Report of NHS Sussex (copy attached).
Minutes:
24.1 The item was presented by Garry Money, NHS Sussex Director of Primary Care Commissioning, and by Ellie Coleman, NHS Sussex Senior Manager, Primary Care Commissioning. They were joined online by local dental practitioners Nish Suchak, Chair of East Sussex Dental Committee; Ali Mubarak, Practice Principal Dentist at Eaton Road Dental Practice; and Aisha Asghar, Dental Contract Holder at Goodwood Court Dental Practice. Dr Nicola Lang, Director of Public Health, was also present.

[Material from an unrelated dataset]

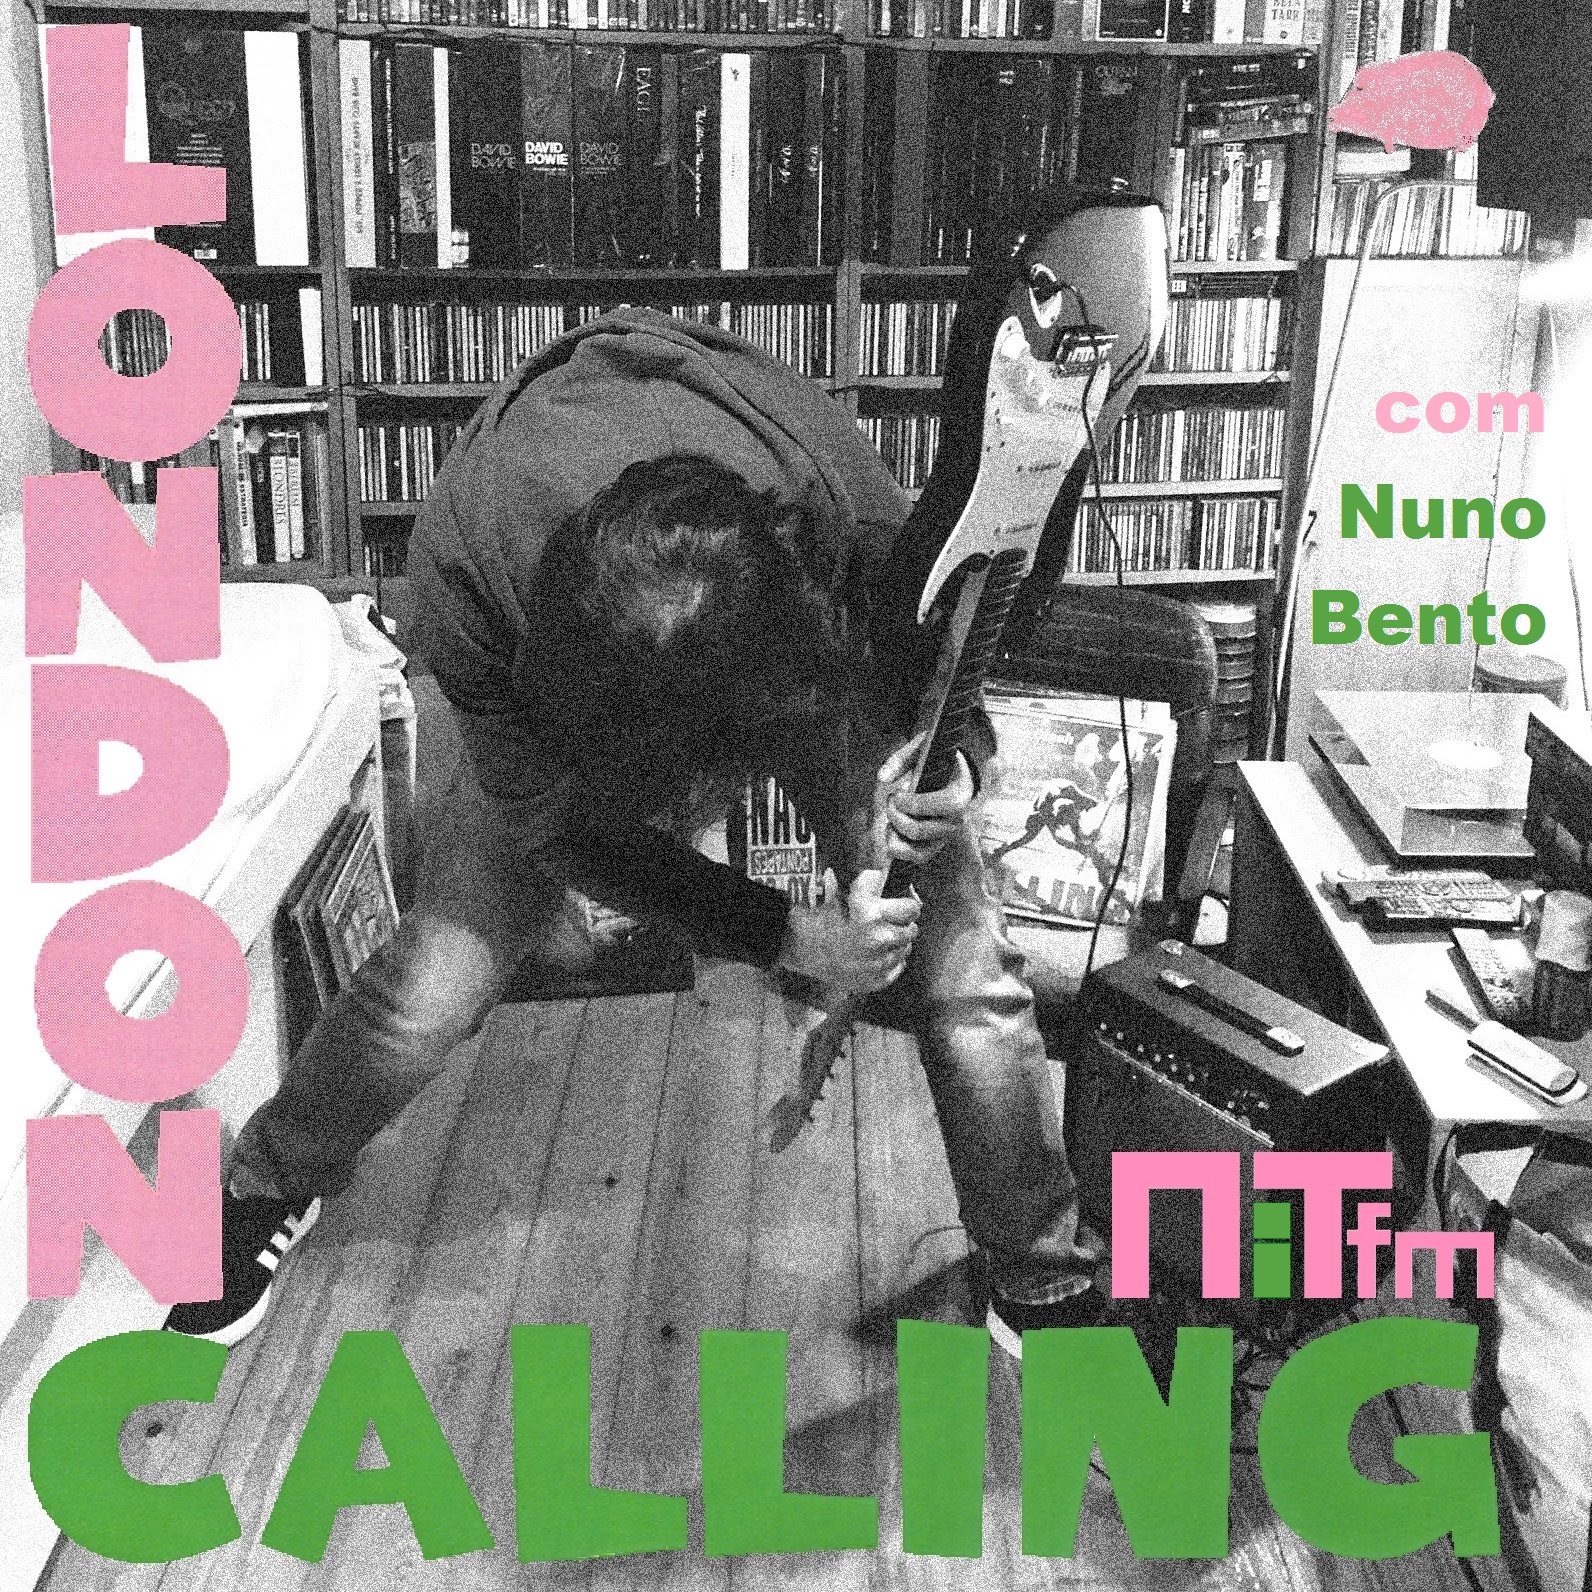 London Calling: SophistiPop

24.2 Mr Money told members that there had been considerable changes since dentistry was last reported to HOSC in January 2024. These included reform to the national dental contract which have improved incentives for dentists to take on NHS work, particularly in terms of complex and urgent care. There has also been more focus on prevention. There are currently 43 NHS dental contracts in Brighton & Hove and there has been an increase in the Units of Dental Activity (UDA) delivered since the last report to HOSC. Ms Coleman added that an Urgent Care Stabilisation Pilot had been run locally. This was successful, with 5 local practices signing up and the pilot has now been extended to non-urgent unscheduled care. Lots of work is ongoing to support the most vulnerable patients, including children in care and care leavers and clinically vulnerable patients. Ms Coleman also outlined preventative work that NHS Sussex has undertaken with the council’s Public Health (PH) teams, targeting the more deprived areas of the city to encourage good oral hygiene including supervised tooth-brushing.
Mr Money told members that a ‘golden hello’ scheme had also been introduced to try and attract new dentists to the city. To date this had not been successful, but additional rounds are planned. In summary, dentistry remains a Sussex strategic priority. There has been positive progress in recent months but much more needs to be done.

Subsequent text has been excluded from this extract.